Lontano anni luce dall’essere un’agiografia, il film ci guida in un viaggio dentro la testa e il cuore di un figlio di immigrati abituato a doversi arrangiare da sempre, a doversi adattare, ad essere ritenuto da tutti uno zingaro, un diverso, un poco di buono.

Il racconto è abitato dagli spettri del passato di Zlatan. Da Mido, ex promessa non mantenuta dell’Ajax, all’ex bad boy Van Der Meyde, da Van Basten a Koeman, da Capello all’ex fidanzata Mia, fino ad arrivare a Luciano Moggi e Mino Raiola.
Il risultato è quantomeno spiazzante e lontano anni luce dalla realtà patinata che viene venduta quotidianamente sul mondo del pallone, perlomeno quello che riguarda Zlatan.

“Se non fosse diventato un asso del pallone” – dichiara Moggi – “probabilmente sarebbe diventato un ladro di biciclette o simili”.

E risulta difficile dargli torto, vista la scarsa propensione agli studi illustrata nel documentario da parte di Zlatan, il suo carattere ribelle, la sua scarsa disciplina, il suo sentirsi al di sopra delle regole e degli altri.

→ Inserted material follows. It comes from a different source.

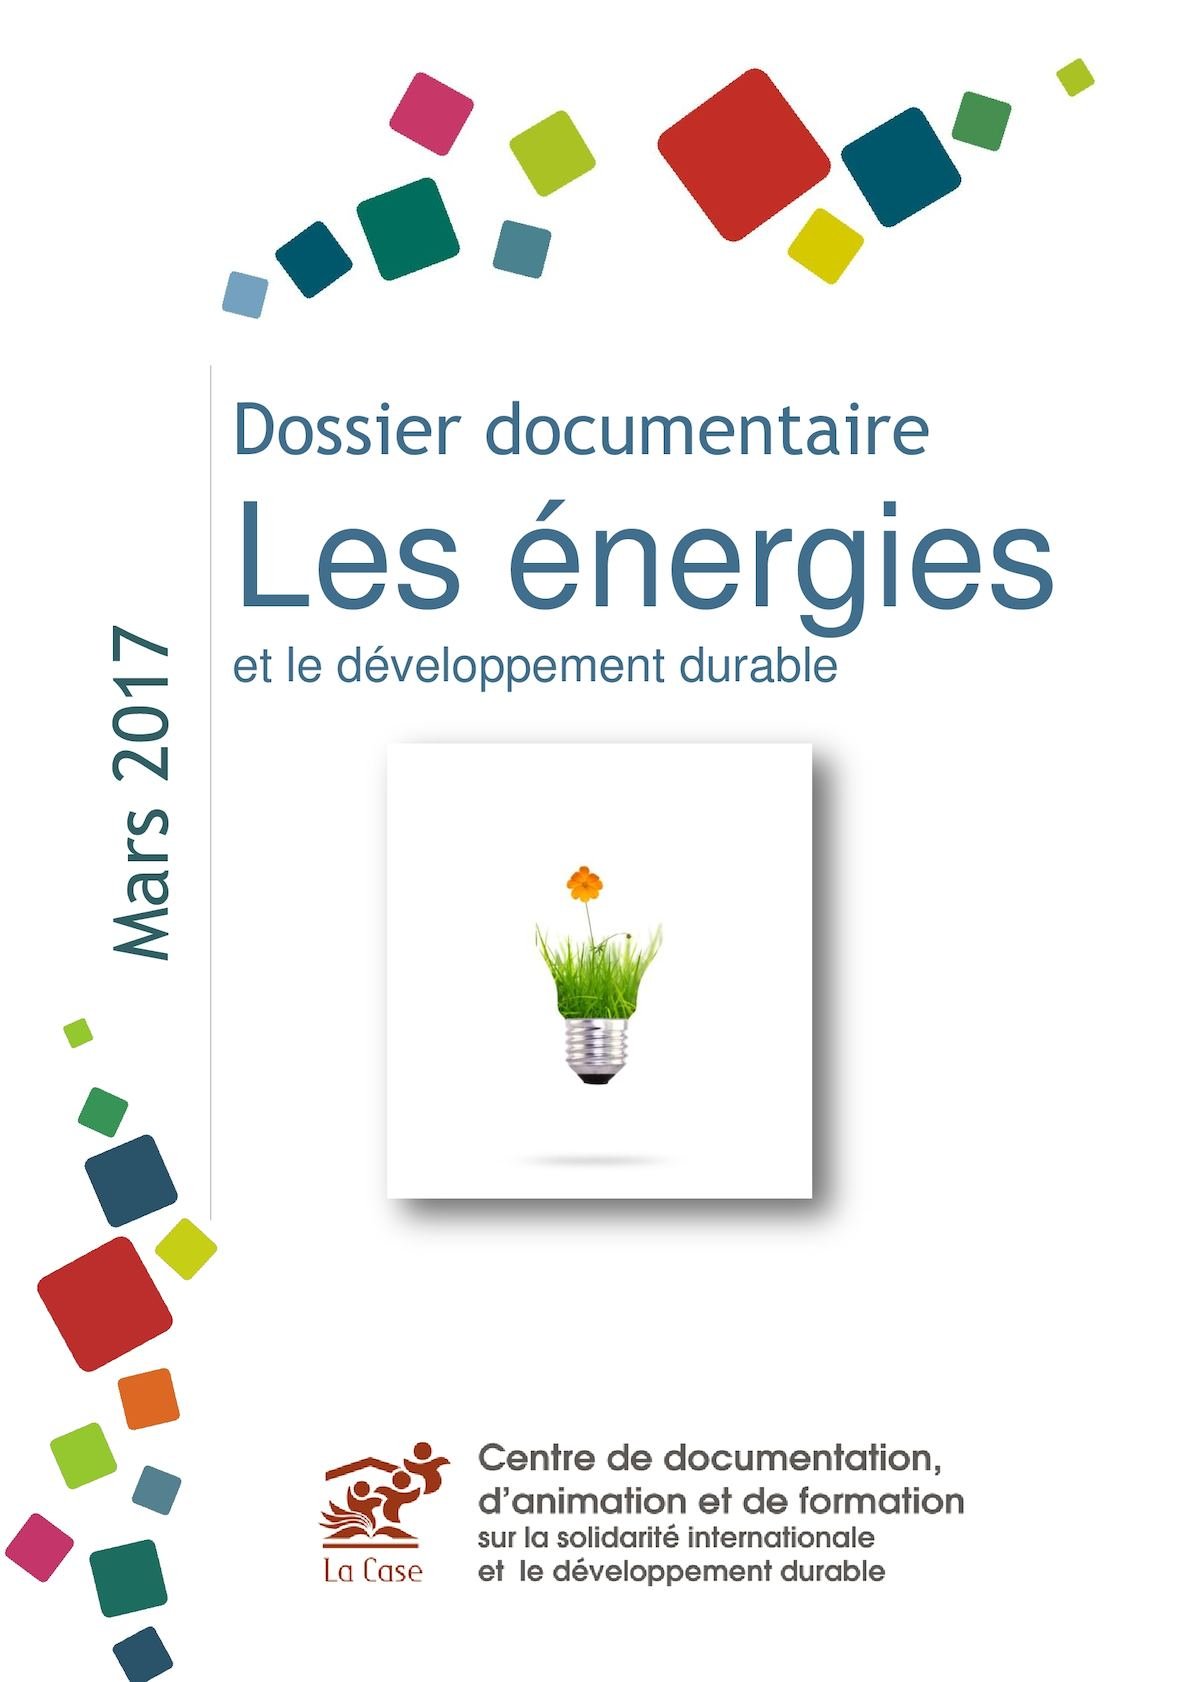 Calam o dossier documentaire les energies 2017 - Pacte energie solidarite 2017 ...

Ma tutto questo, durante la visione del film, viene categorizzato come inevitabile conseguenza della grande quantità di solitudine, sofferenza, emarginazione e incomprensione a cui è stato soggetto uno dei numeri nove più devastanti che abbiano mai giocato su un campo di calcio.

1,93 cm per 93 chili di peso, una tecnica sopraffina, forza, potenza, velocità, la capacità di eseguire gesti tecnici al limite dell’umano, più simile a un contorsionista o a una stella del cinema del kung-fu orientale, Zlatan può essere descritto in mille modi. Irriverente, geniale, antipatico, anticonformista, rabbioso, narcisista, altalenante, ambizioso…ma solo uno traspare in modo decisivo dalle immagini del documentario: solo.

Solo Zlatan lo è sempre stato, lo è tuttora in fin dei conti. Era solo quando veniva trattato come un reietto dalla rigida (e profondamente intollerante) società svedese, costretto a trovare il suo universo in una banlieu come tante. Solo nel Malmò, mal sopportato dai puro sangue svedesi, che storcevano il naso di fronte a questo lungagnone dal naso smisurato, sempre pronti a redarguirlo più che consigliarlo.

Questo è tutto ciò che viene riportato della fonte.